Directions for this task - Reproduce the section of the listing that begins at the line containing "Advocare Rehydrate Gel" and finishes at the line containing "18 4. Configuration". Include both end lines and nothing beyond them.

Excerpted records -
- Opening Delimiter -

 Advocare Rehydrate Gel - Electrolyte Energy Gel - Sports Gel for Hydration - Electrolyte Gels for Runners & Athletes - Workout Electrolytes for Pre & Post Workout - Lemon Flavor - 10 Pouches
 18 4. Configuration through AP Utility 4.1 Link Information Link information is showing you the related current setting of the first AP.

- Closing Delimiter -
- Opening Delimiter -

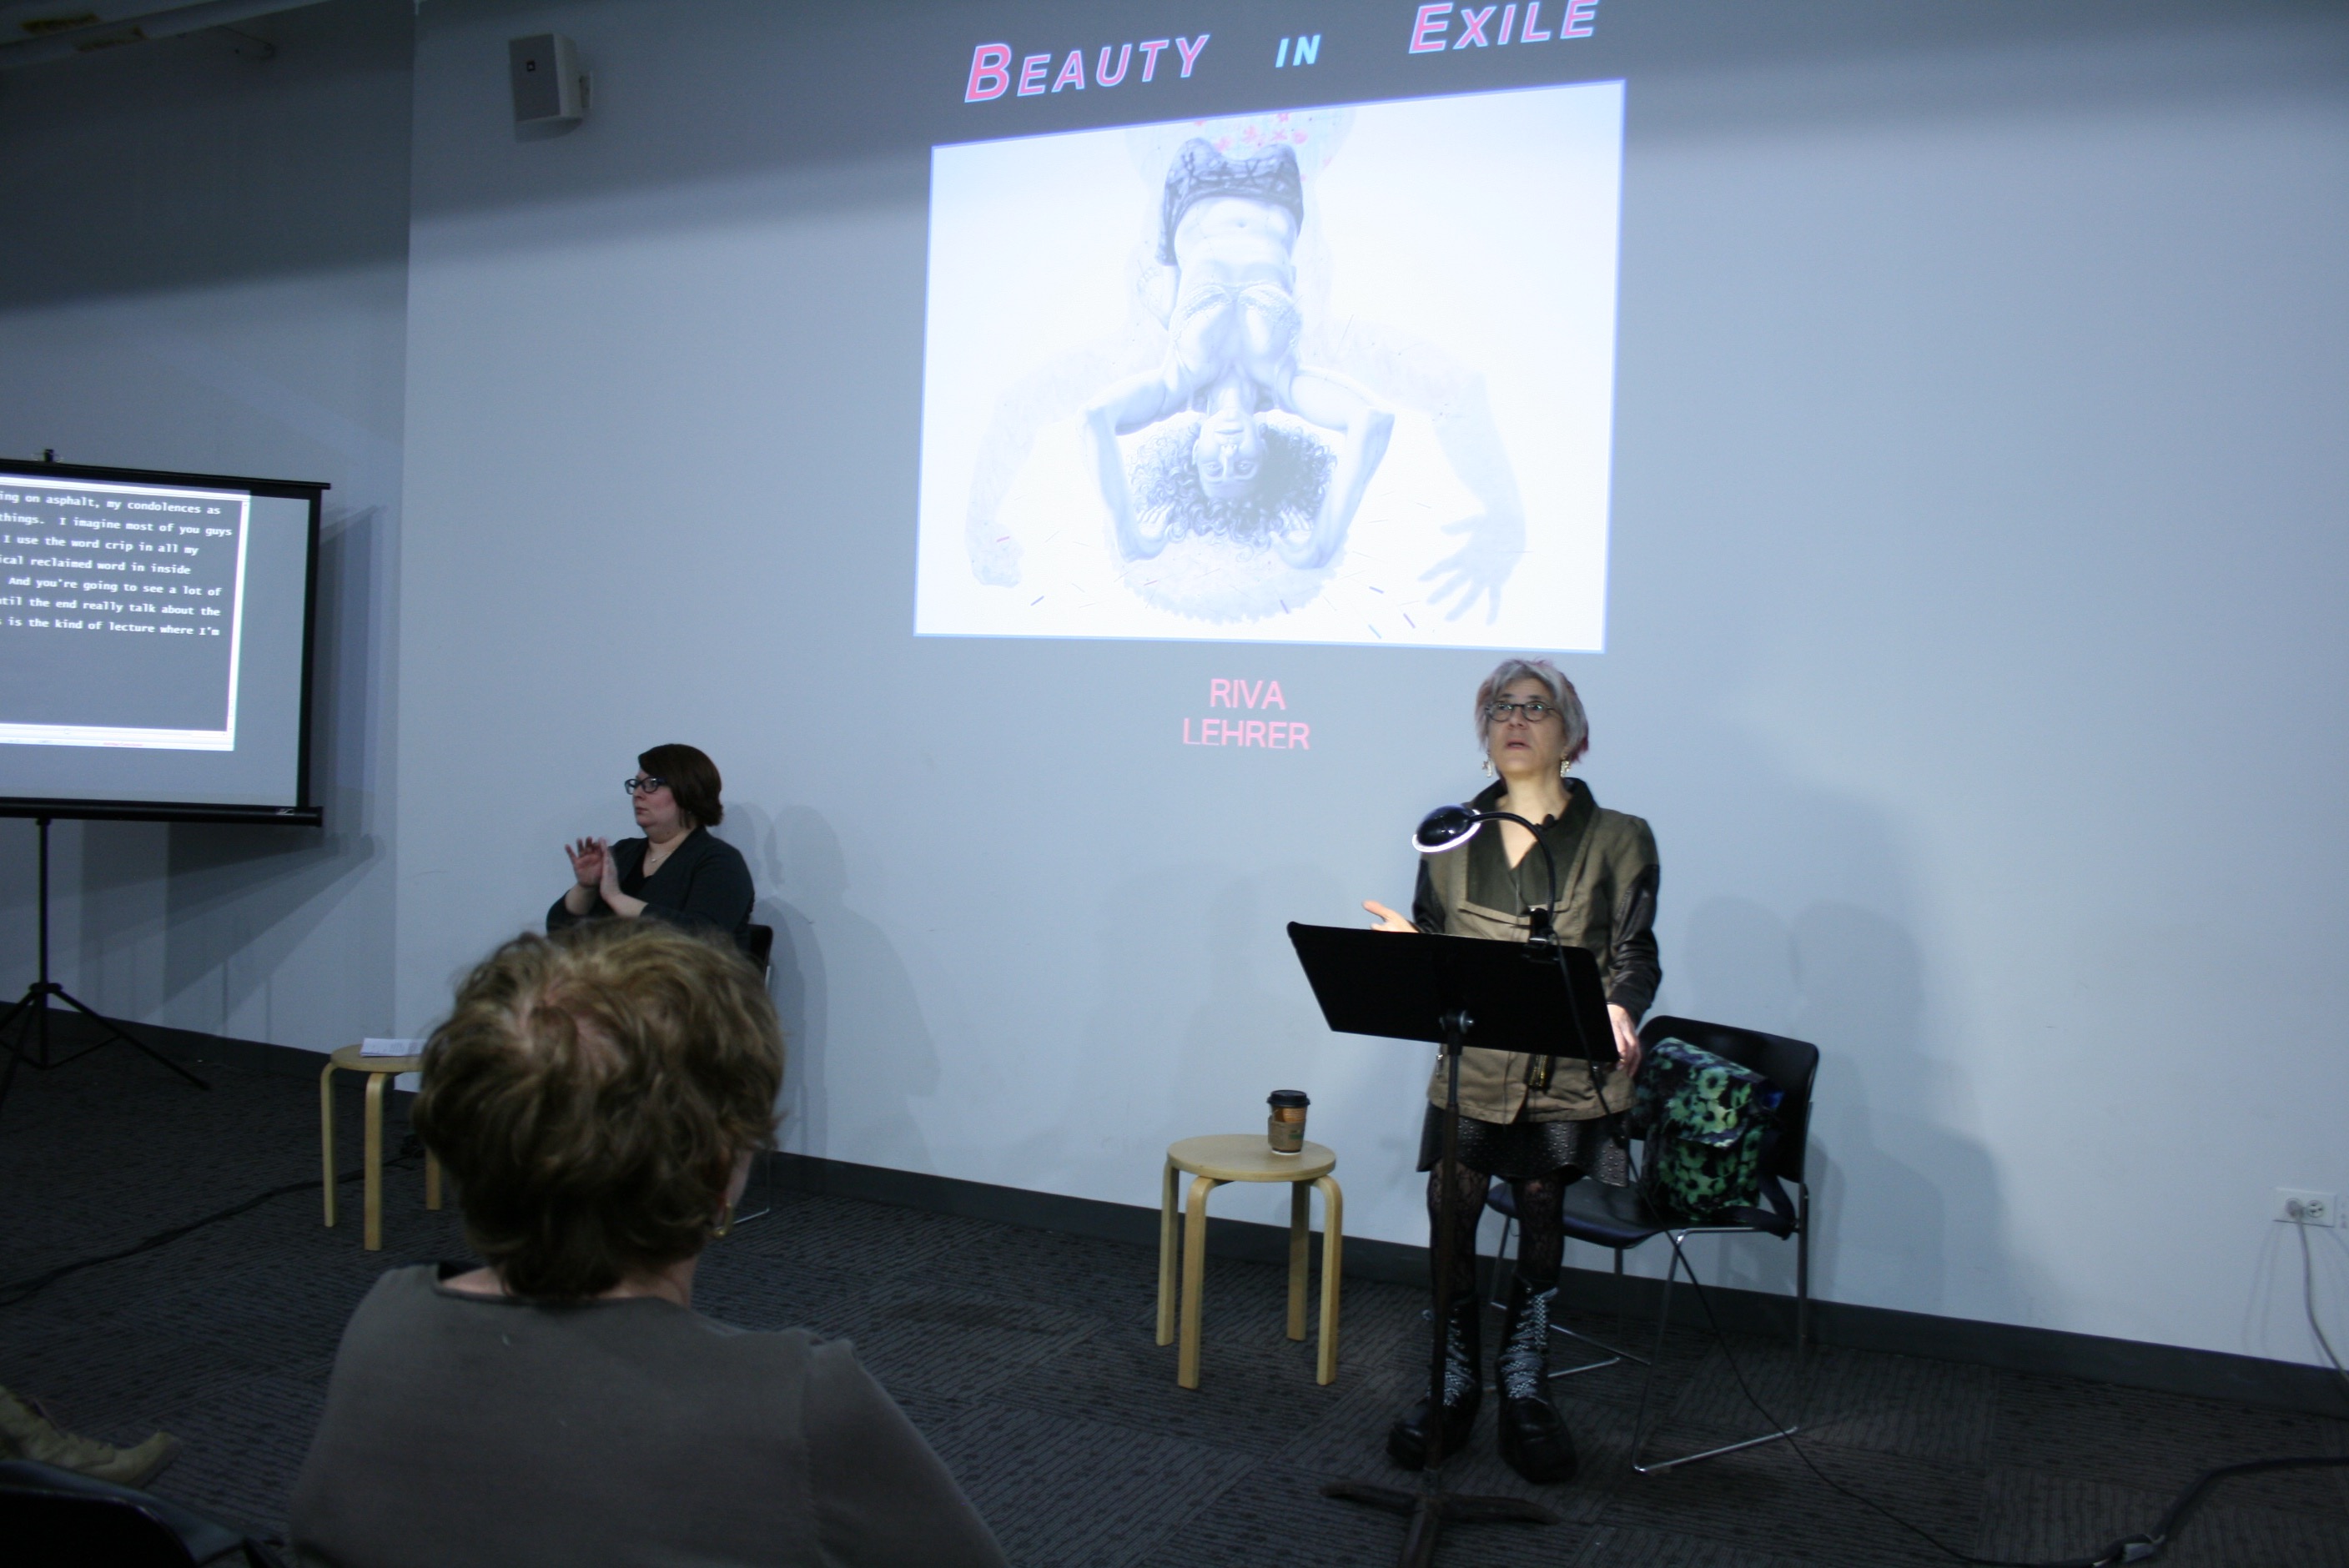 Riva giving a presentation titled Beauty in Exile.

- Closing Delimiter -

Result for this task -
 Advocare Rehydrate Gel - Electrolyte Energy Gel - Sports Gel for Hydration - Electrolyte Gels for Runners & Athletes - Workout Electrolytes for Pre & Post Workout - Lemon Flavor - 10 Pouches
 18 4. Configuration through AP Utility 4.1 Link Information Link information is showing you the related current setting of the first AP.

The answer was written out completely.